# Dirty Girl ............................



## Pink Pussy (Sep 21, 2008)

Needs a clean after today lol anyone want to help ??










:lol:


----------



## rustyintegrale (Oct 1, 2006)

Pink Pussy said:


> Needs a clean after today lol anyone want to help ??
> 
> 
> 
> ...


STW? :roll: :wink:


----------



## TeeTees (Mar 9, 2006)

I'm busy doin' nothing, if you're prepared to drive it to Bristol, and then get it dirty again by the time you get home 

PS. howdya get those patches on your rear ??


----------



## Pink Pussy (Sep 21, 2008)

TeeTees said:


> I'm busy doin' nothing, if you're prepared to drive it to Bristol, and then get it dirty again by the time you get home
> 
> PS. howdya get those patches on your rear ??
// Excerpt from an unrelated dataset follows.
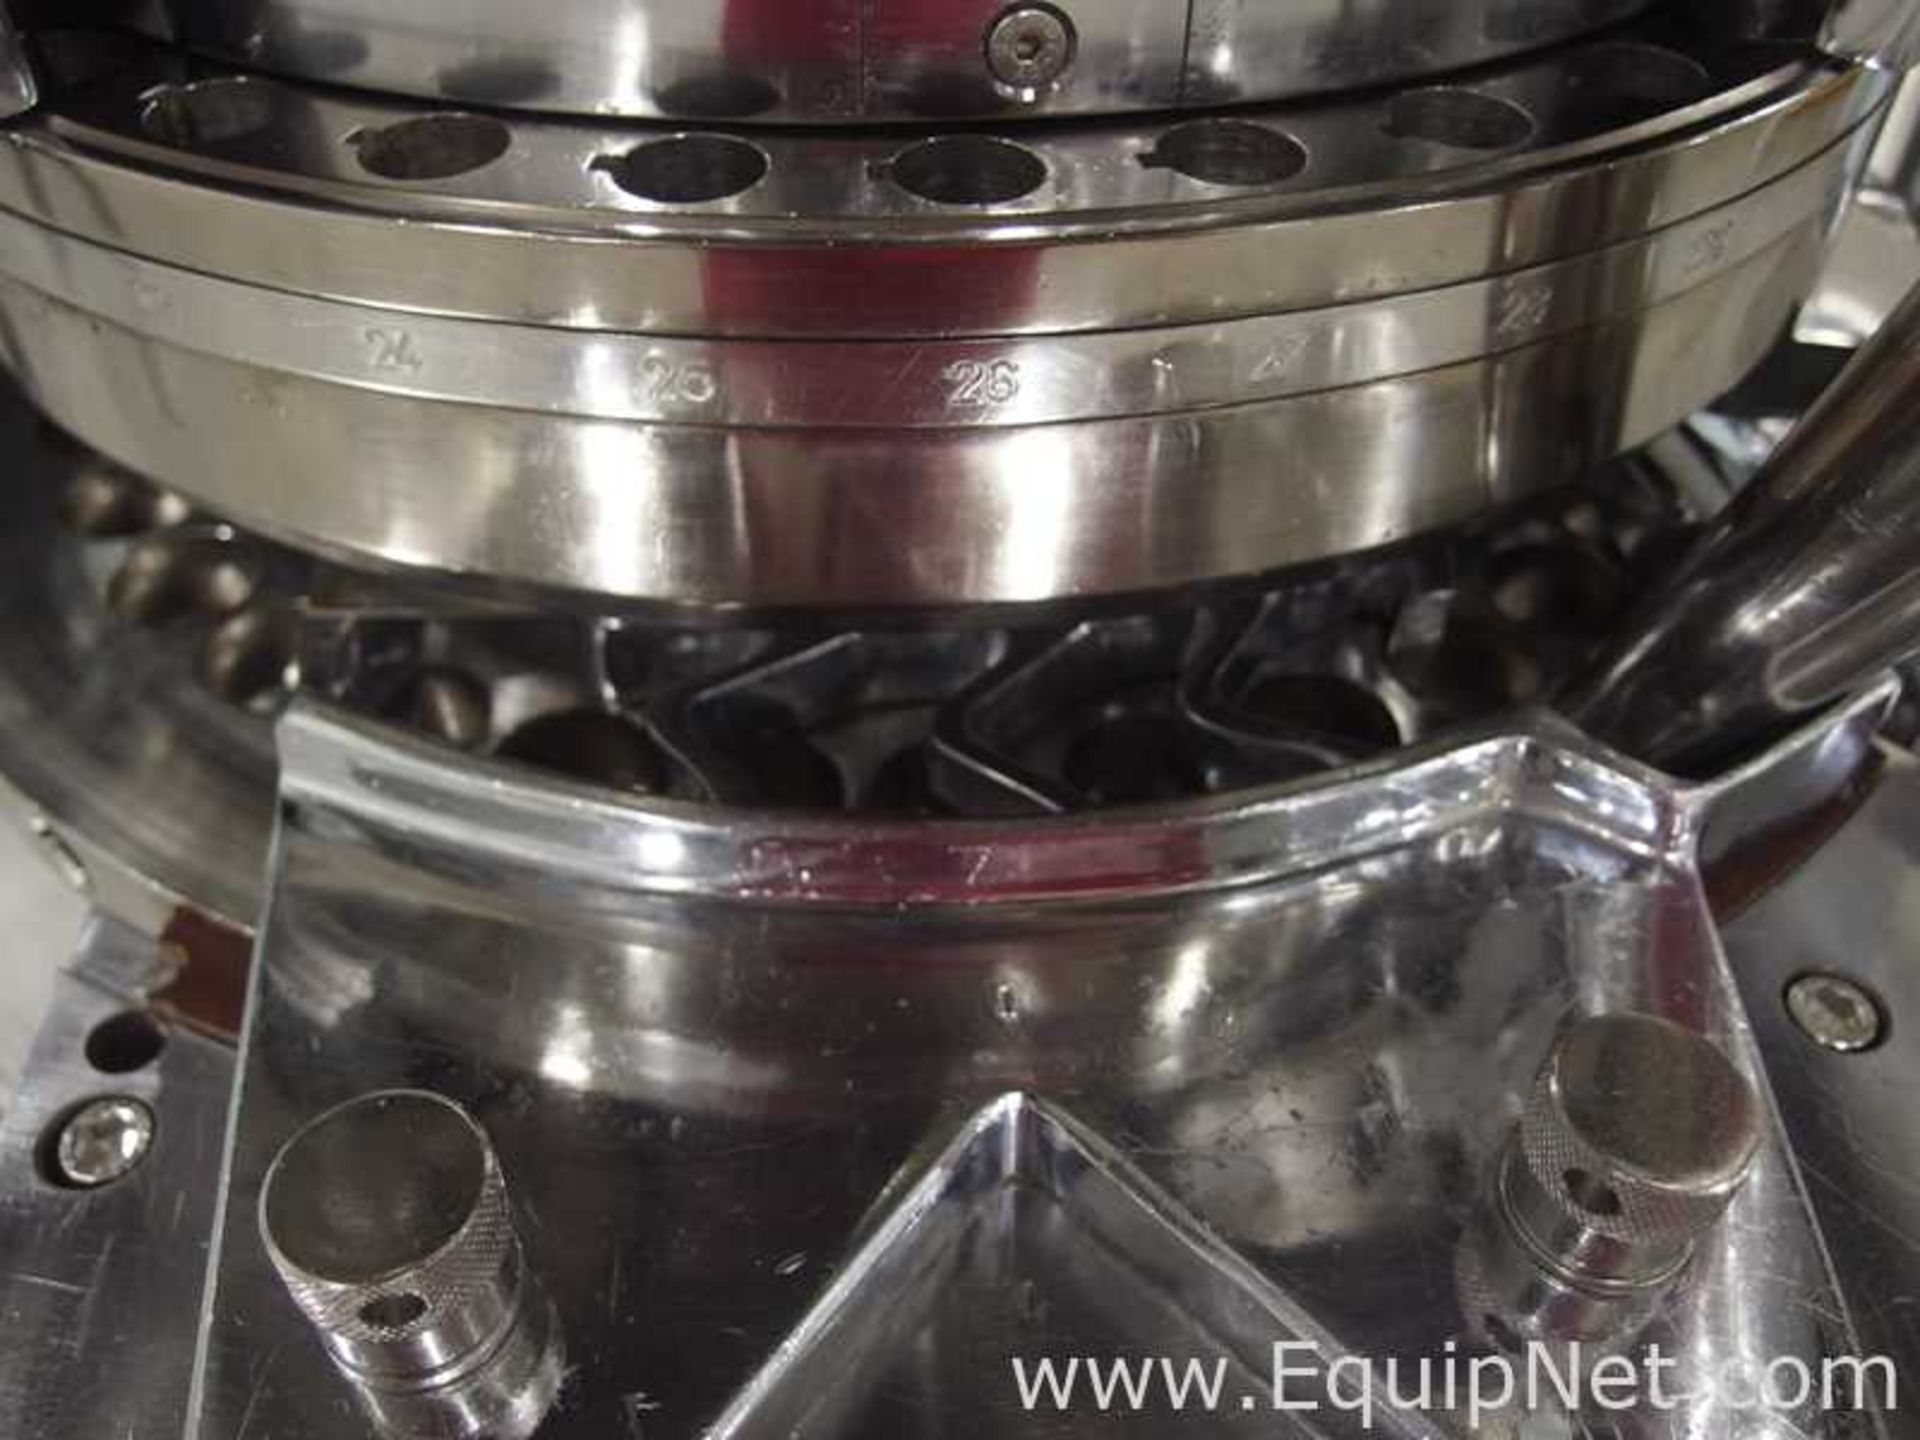 Fluidpack Accura B4 Double Rotary Tablet Press - Image 8 of 18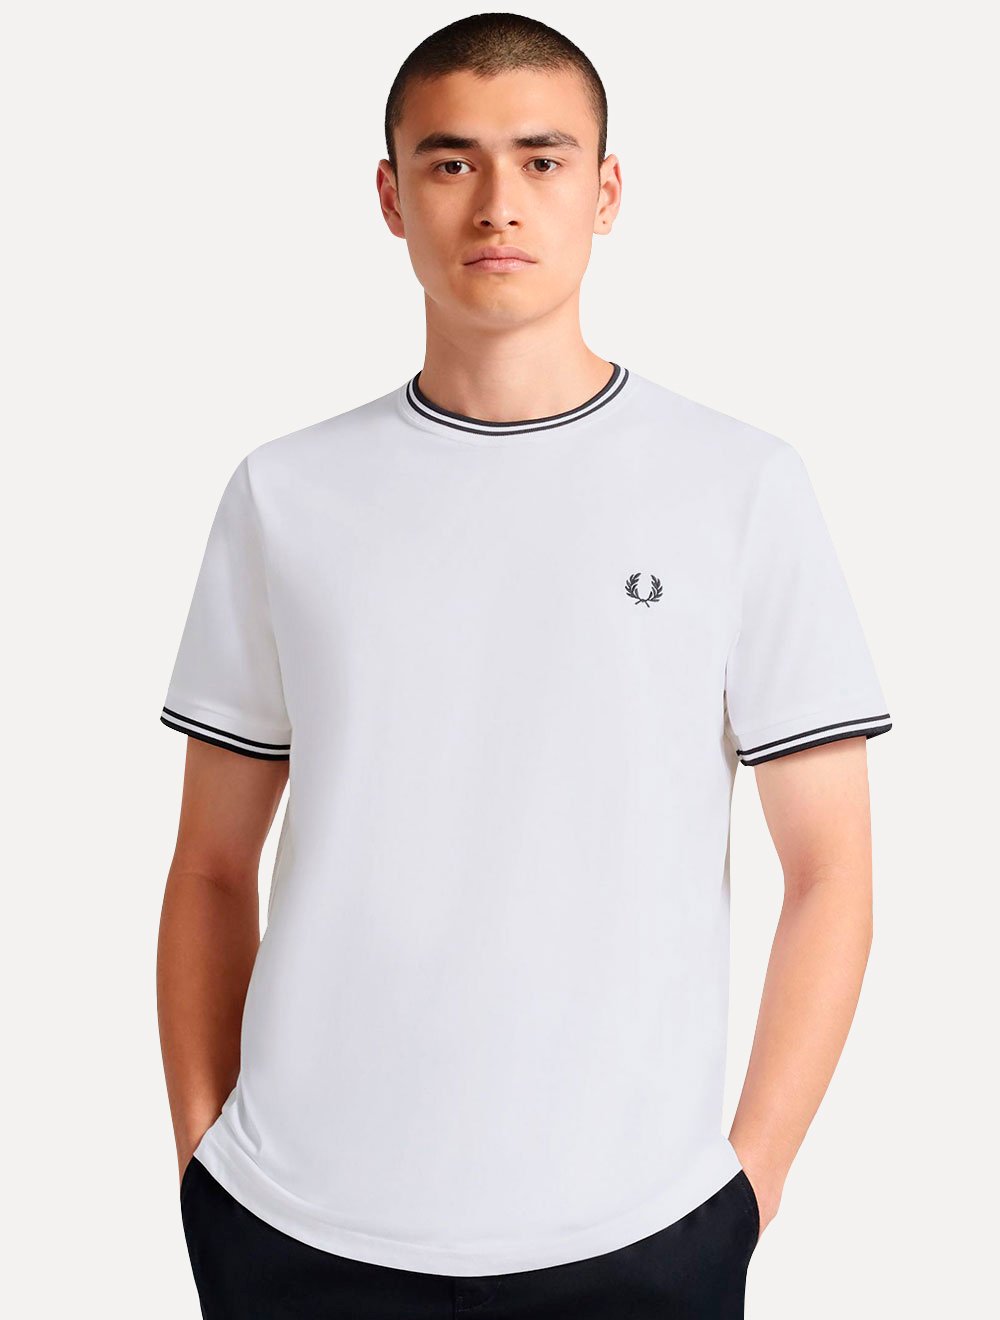 Camiseta Fred Perry Masculina Regular Twin Tipped Branca

No idea how i got the patches  mmmmmmmmmmm Bristol not been there for years lol


----------



## TeeTees (Mar 9, 2006)

Pink Pussy said:


> TeeTees said:
> 
> 
> > I'm busy doin' nothing, if you're prepared to drive it to Bristol, and then get it dirty again by the time you get home
> ...


Come on down - I'll polish that nasty silver colour off yer car for you  ....you know Red's the fastest colour, don't you ?? 8)


----------



## Pink Pussy (Sep 21, 2008)

i always thought silver was the fastest or that was what i was told lol


----------



## TeeTees (Mar 9, 2006)

Pink Pussy said:


> i always thought silver was the fastest or that was what i was told lol


Hehehe  .....it may be faster when it's cleaned, but at the moment that dirt is creating too much drag :wink:


----------



## Pink Pussy (Sep 21, 2008)

TeeTees said:


> Pink Pussy said:
> 
> 
> > i always thought silver was the fastest or that was what i was told lol
> ...


lol not for long just putting bristol into sat nav !! :!:


----------



## TeeTees (Mar 9, 2006)

Pink Pussy said:


> TeeTees said:
> 
> 
> > Pink Pussy said:
> ...


You'll be better off making it for the afternoon - I tried cleaning mine at 1deg on Saturday afternoon, and by the time I'd gotten to drying the windows they had iced over.... :lol:


----------